Books

Wednesday 11 February 2026

The Soviet Union’s long goodbye

The USSR may have suffered ‘state death’ in 1991, but Putin’s ruthless power politics are keeping dreams of a Russian empire alive today

Mark B Smith, a Cambridge historian, has written a fascinating chronicle of the Soviet Union, from the death of Joseph Stalin in 1953 to the resignation of the reformist leader Mikhail Gorbachev 38 years later. No single volume can adequately explain the Soviet state’s collapse, but Exit Stalin is a valiant attempt. Smith provides a teeming, collage-like picture of how ordinary Soviet citizens withstood repression and food scarcities yet clung hopefully to the 1917 revolution’s promise of a better life. Gorbachev, a “tragic figure” in Smith’s estimation, did not intend to replace the ailing revolutionary project but rejuvenate it through cautious profit-making. Kremlin hardliners were aghast. Not since Lenin sought to rescue Russia with his abashedly capitalist policies of 1921 had the free market intruded.

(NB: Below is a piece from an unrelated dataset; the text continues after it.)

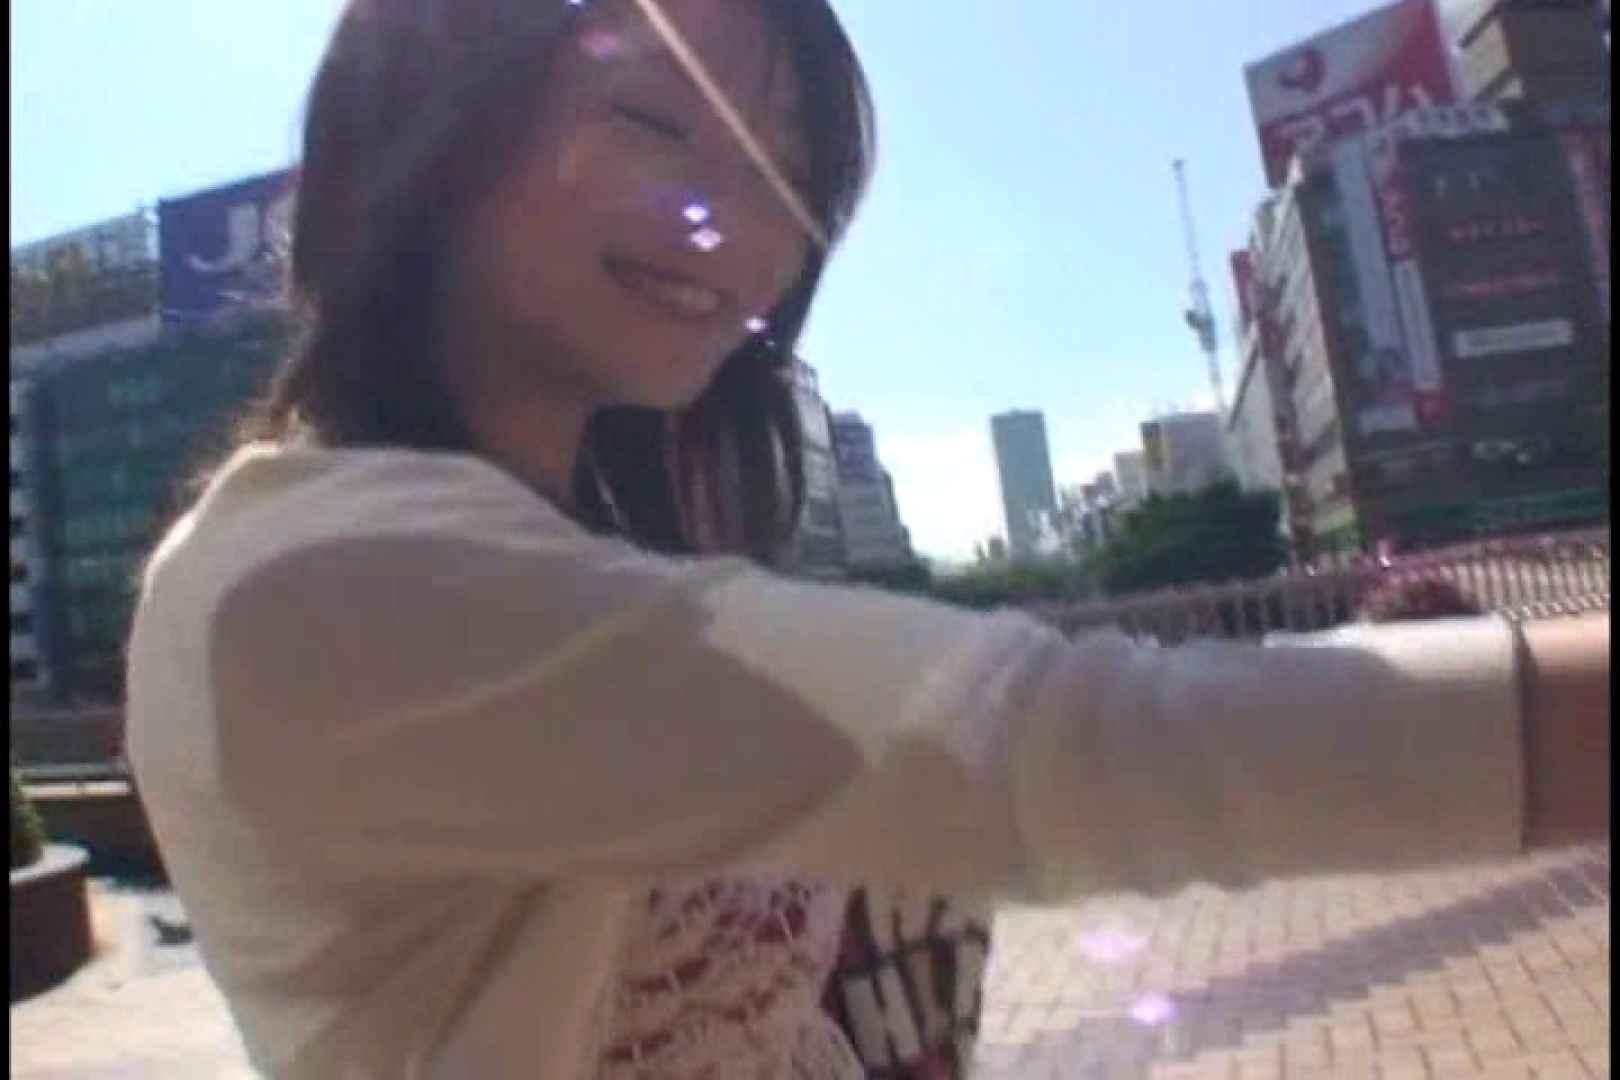 JDハンター全国ツアー vol.006 前編 超エロ女子大生  59枚 4

In smoothly readable pages, Smith describes Gorbachev’s fall from power in August 1991, when factions loyal to the sanctity of the Soviet Union detained him and his wife, Raisa, in their villa on the Black Sea. Russian tanks and around 4,000 troops were sent to Moscow as part of the coup attempt; ordinary Russians implored them not to shoot on their fellow citizens. Far from saving the great Slavic superstate that stretched from the Baltic in the west to the Pacific in the east, the plotters accelerated its disintegration. Later that momentous year, the USSR suffered what historians call “state death” when Ukraine, the largest of the non-Russian Soviet republics, followed Estonia by voting overwhelmingly for independence from Moscow. Gorbachev learned too late that the moment of greatest danger for an absolutist regime is when it sets out to reform itself. Under a more autocratic Soviet premier, Smith argues, the USSR might have limped on by whipping restive states like Estonia into line. But the Soviet Union had become too clogged with corruption and political cynicism to absorb anything of Gorbachev’s enlightened guidance.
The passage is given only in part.